M12 Connector Coding Demystified

May 30, 2019 at 8:00 AM

 

When you need to ensure that you have a reliable connection, even in the harshest conditions, you need an M12 connector. These rugged connectors are ideal for maintaining connections in the world of industrial automation and in any application where the environment or conditions can be a challenge. But do you know how to interpret the coding of an M12 connector? If not, you’re in luck, we’re here to help.

 

First, let’s take a look at the structure of an M12 connector. These circular connectors have a 12 mm locking thread that is typically IP-rated and provides protection from liquids and solids. Inside, there are pins in configurations of either 3, 4, 5, 8 or 12.

 

Different pin configurations are used for different applications. For example, 3 and 4-pin versions are used for sensors and in power applications, 4 and 8-pin models are used in Ethernet and PROFINET and 12-pin models are usually used for signal applications.

 

In addition to the varying pin configurations, M12 connectors are also coded.
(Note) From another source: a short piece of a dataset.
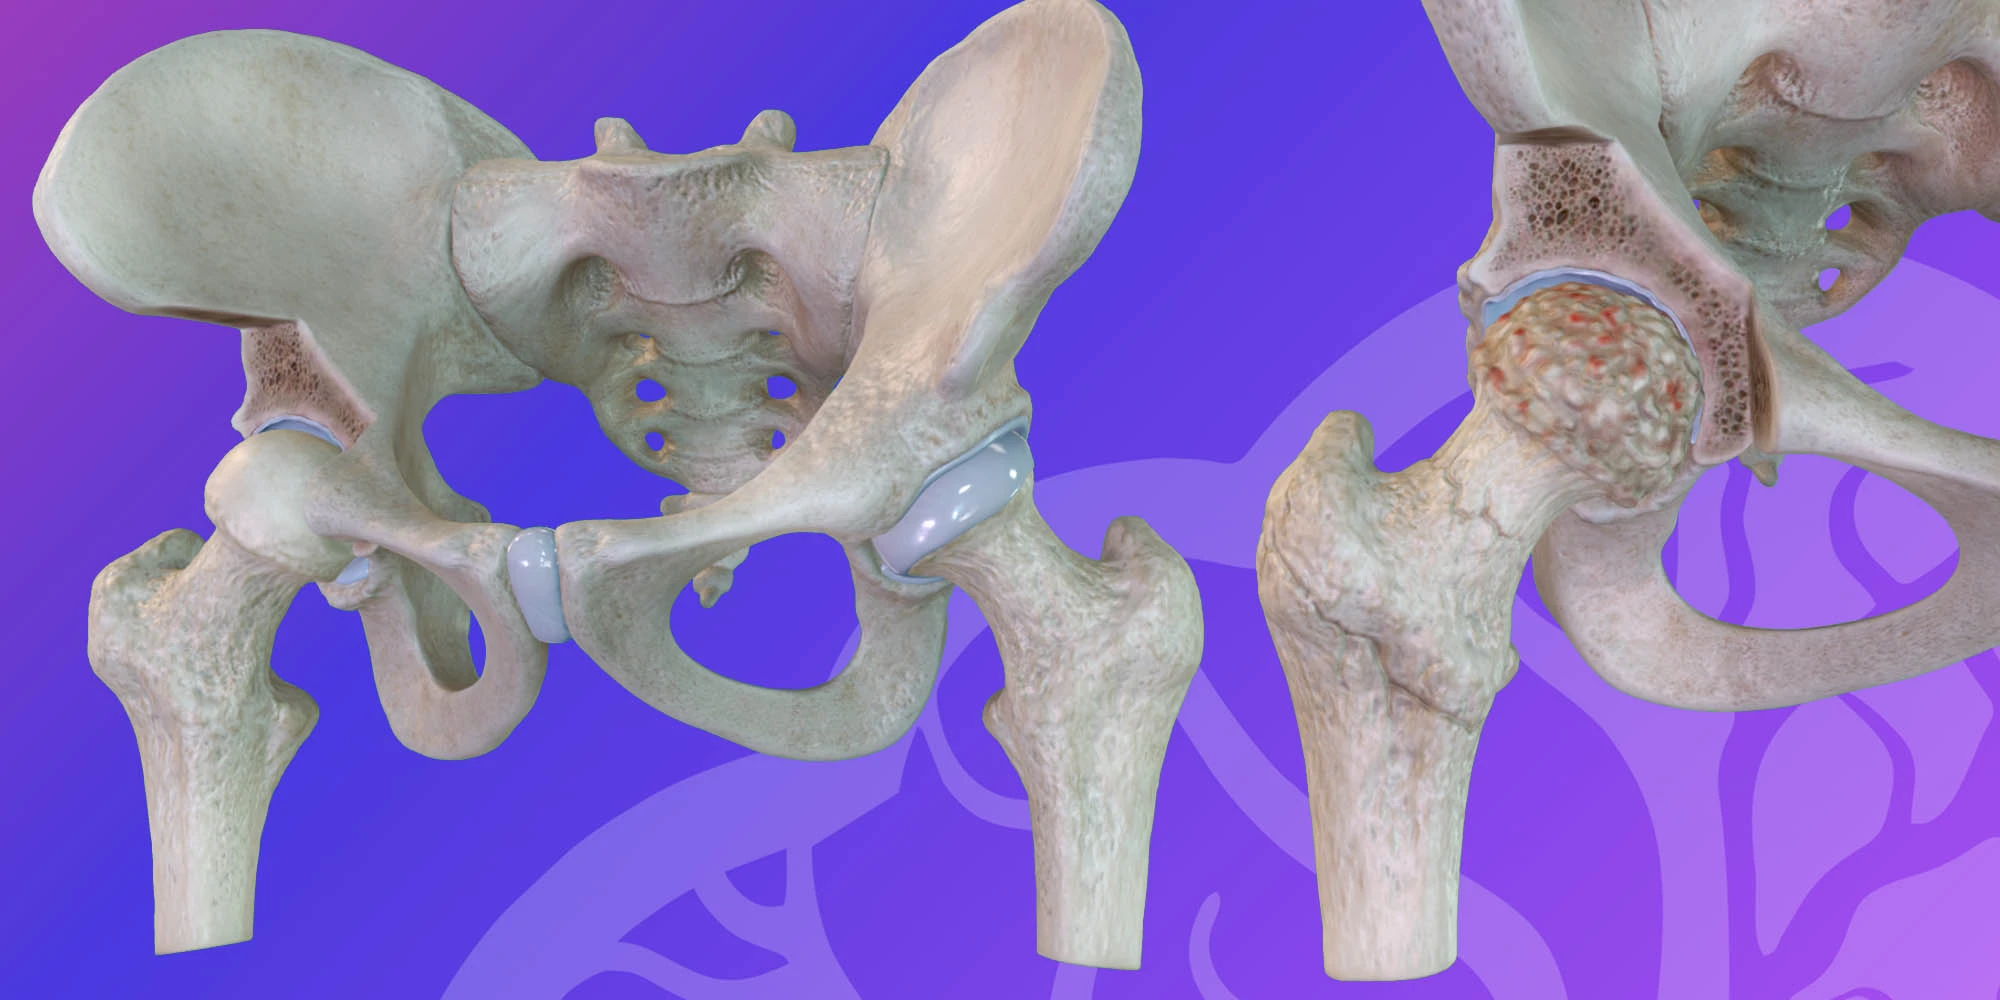 Pelvis hip joint osteoarthritis image

This coding prevents improper mating.

 

Here is a list of M12 codes and the applications they’re used in:

 

A-coded: sensors, DC power and 1 Gigabit Ethernet

B-coded: PROFIBUS

C-coded: AC power

D-coded: 100 Mbit Ethernet

K-coded: AC power

L-coded: PROFINET DC power

X-coded: 10 Gigabit Ethernet

S-coded: AC power (will be replacing C-coded power parts)

T-coded: DC power (will be replacing A-coded power parts)

 

Codes A, B, D and X are the most popular. A, B and D codes originated with the first M12 connectors, so they’ve been available the longest. The growth of the high-speed industrial Ethernet market has brought a surge of popularity for X-coded connectors, which are likely to eventually replace A, B and D codes in Ethernet applications.

 

There you have it, M12 codes de-coded. For all of your M12 connector needs, check out our website.

 

411 on M12 Connectors

May 17, 2018 at 8:00 AM

 

Since their introduction in 1985, M12 connectors have grown to become the go-to interconnect system for industrial automation. These rugged connectors provide reliable connections in the harshest environments and have revolutionized the world of industrial automation connectivity.

 

M12 connectors are circular connectors that have a 12-mm locking thread and often boast IP ratings for protection against liquids and solids. They are ideal for connecting sensors, actuators, as well as industrial Ethernet and Fieldbus devices, mostly in industrial automation applications and in corrosive environments.

 

Prior to the inception of the M12 connector, engineers had to hard wire or repeatedly replace connectors that couldn’t endure in harsh conditions. Initially released with 3 and 4-pin models, the original M12 connector had a smaller current than its predecessor, the RK30, but still provided the protection of an IP67 rating. The 4-pin M12 connector allowed a single system to include more advanced sensors and actuators. Today, these rugged connectors are available with 3, 4, 5, 8 and 12-pin configurations with additional locking styles continuously being developed, such as bayonet and push-pull.

 

In addition to factory automation, M12 connectors and M12 cable assemblies are used in measurement and control, communications, transportation, robotics, agriculture and alternative energy applications. Choosing the correct pin count depends on the specific application. Three and 4-pin models are needed for sensors and in power applications. Ethernet and PROFINET require 4 and 8 pins. DeviceNet and CANbus mostly use 4 and 5-pin connectors. Twelve-pin models are typically specified for various signal applications.

 

Along with different pin counts, M12 connectors have multiple styles of key coding to prevent improper mating.  Here are the most common coding types and what they’re used for:

 

·       A-coded: sensors, DC power and 1 Gigabit Ethernet

·       B-coded: PROFIBUS

·       C-coded: AC power

·       D-coded: 100 Mbit Ethernet

·       X-coded: 10 Gigabit Ethernet

·       S-coded: AC power (will be replacing C-coded power parts)

·       T-coded: DC power (will be replacing A-coded power parts)

 

The most popular types of M12 coding are A, B, D and X.  The A, B and D-coded connectors are some of the first M12 connectors and have been on the market the longest. X-coded connectors are rising in demand for high-speed industrial Ethernet and will ultimately take the place of A and D-coded parts in Ethernet applications. The newest code designs being developed are K-coded for AC power and L-coded for PROFINET DC power.